[Recorded data Boundary: Start]

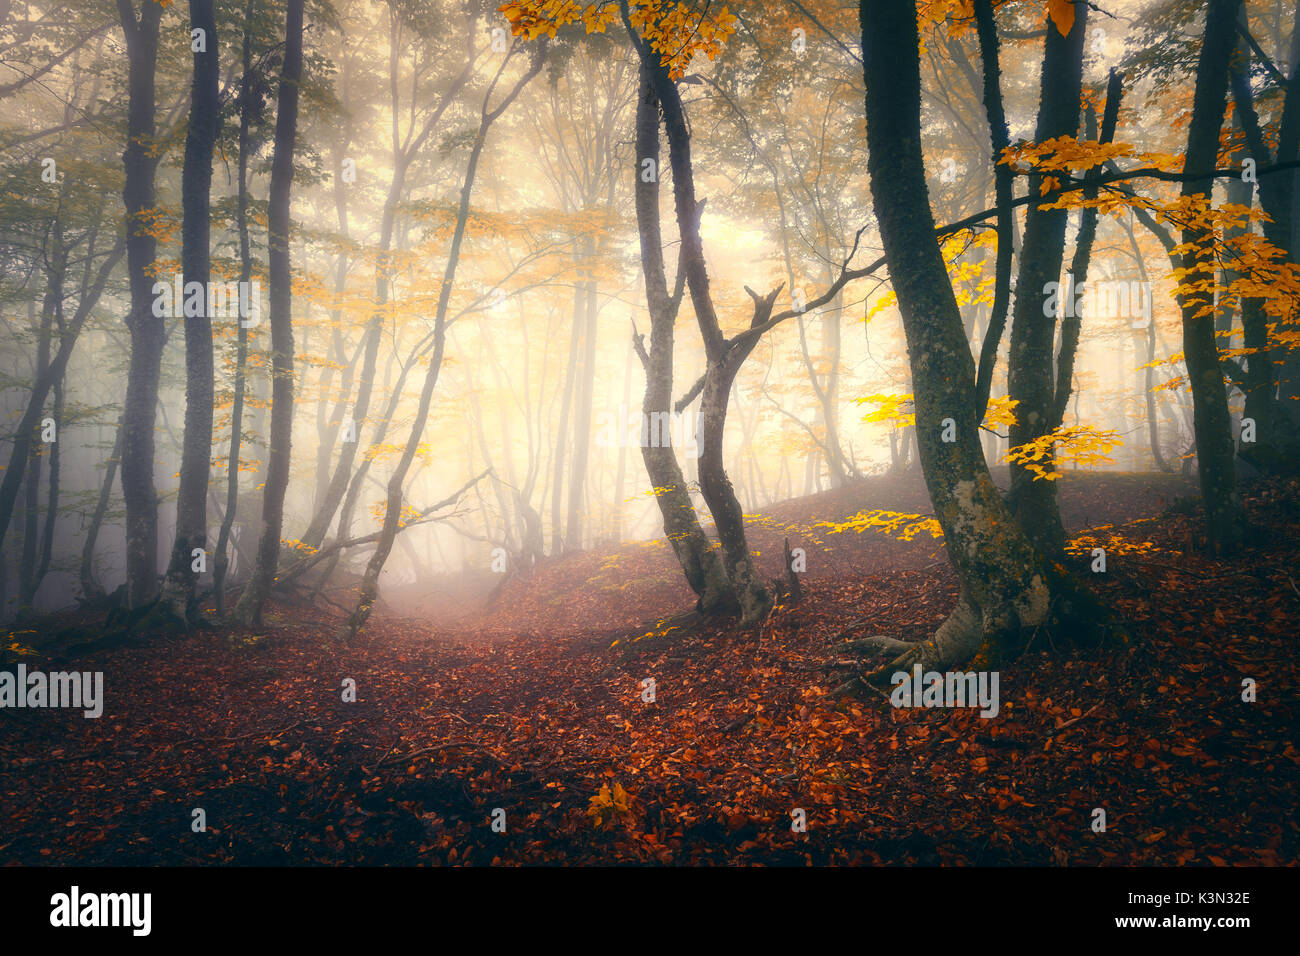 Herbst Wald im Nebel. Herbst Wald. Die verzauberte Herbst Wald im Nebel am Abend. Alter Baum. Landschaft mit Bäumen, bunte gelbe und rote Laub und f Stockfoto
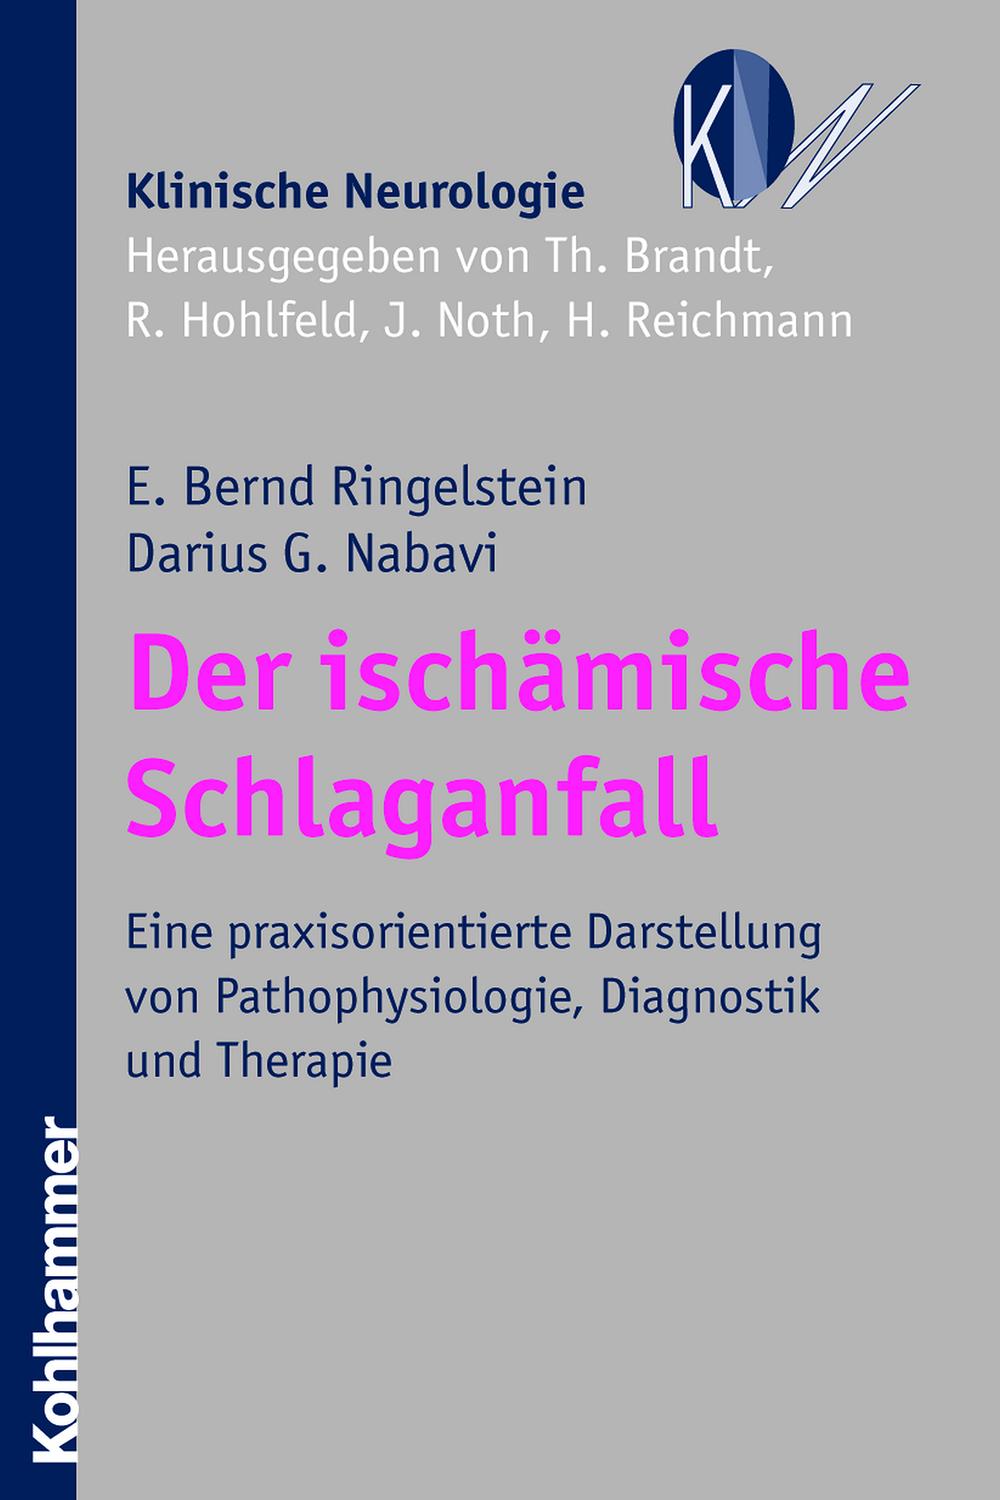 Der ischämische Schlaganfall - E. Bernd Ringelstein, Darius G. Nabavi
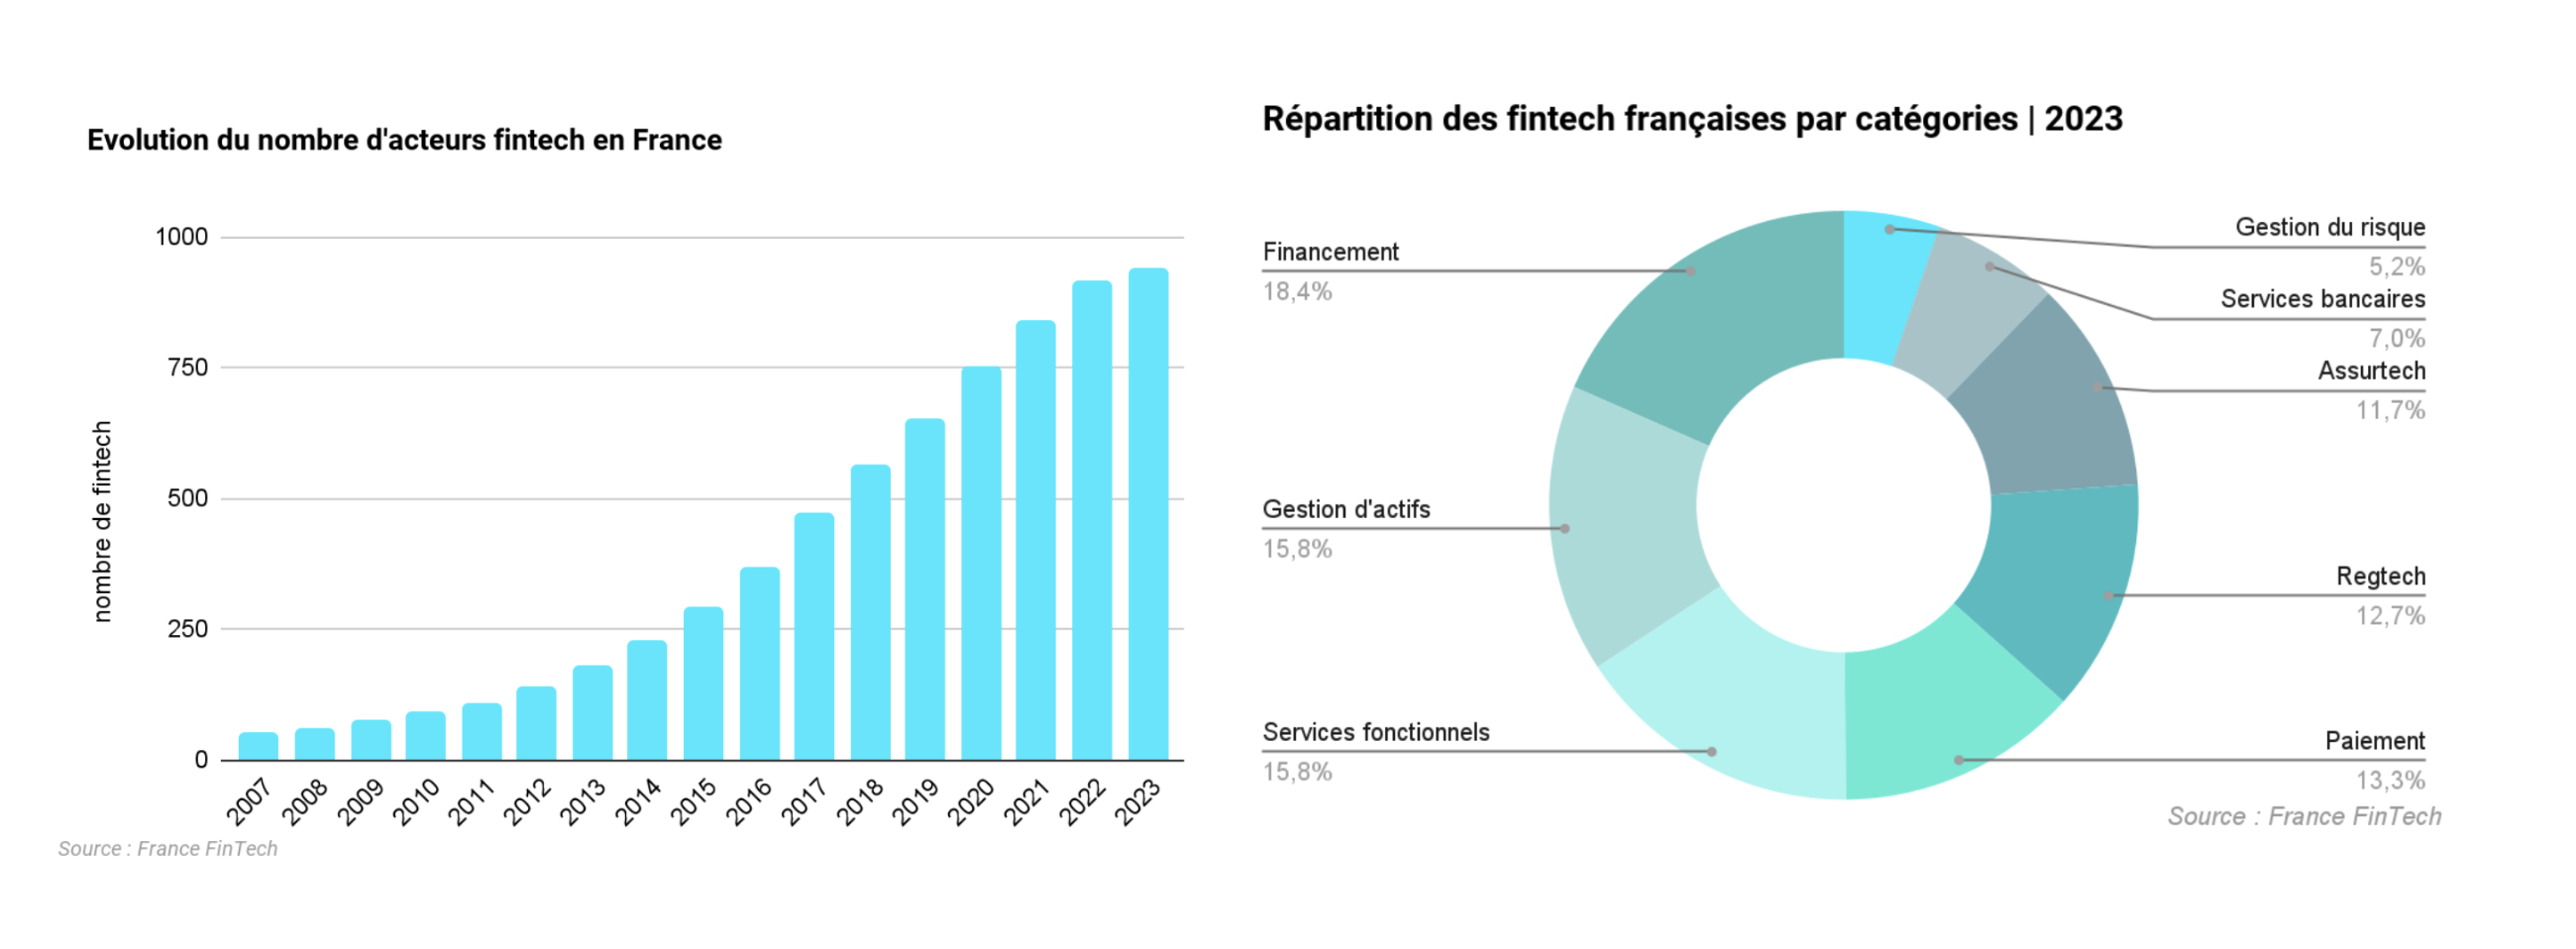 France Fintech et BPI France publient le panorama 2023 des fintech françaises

[Recorded data Boundary: End]

● **How to complete this task**
What you produce must match the listing word for word, with no images in it.

● **Task output**
 Herbst Wald im Nebel. Herbst Wald. Die verzauberte Herbst Wald im Nebel am Abend. Alter Baum. Landschaft mit Bäumen, bunte gelbe und rote Laub und f Stockfoto
 Der ischämische Schlaganfall - E. Bernd Ringelstein, Darius G. Nabavi
 France Fintech et BPI France publient le panorama 2023 des fintech françaises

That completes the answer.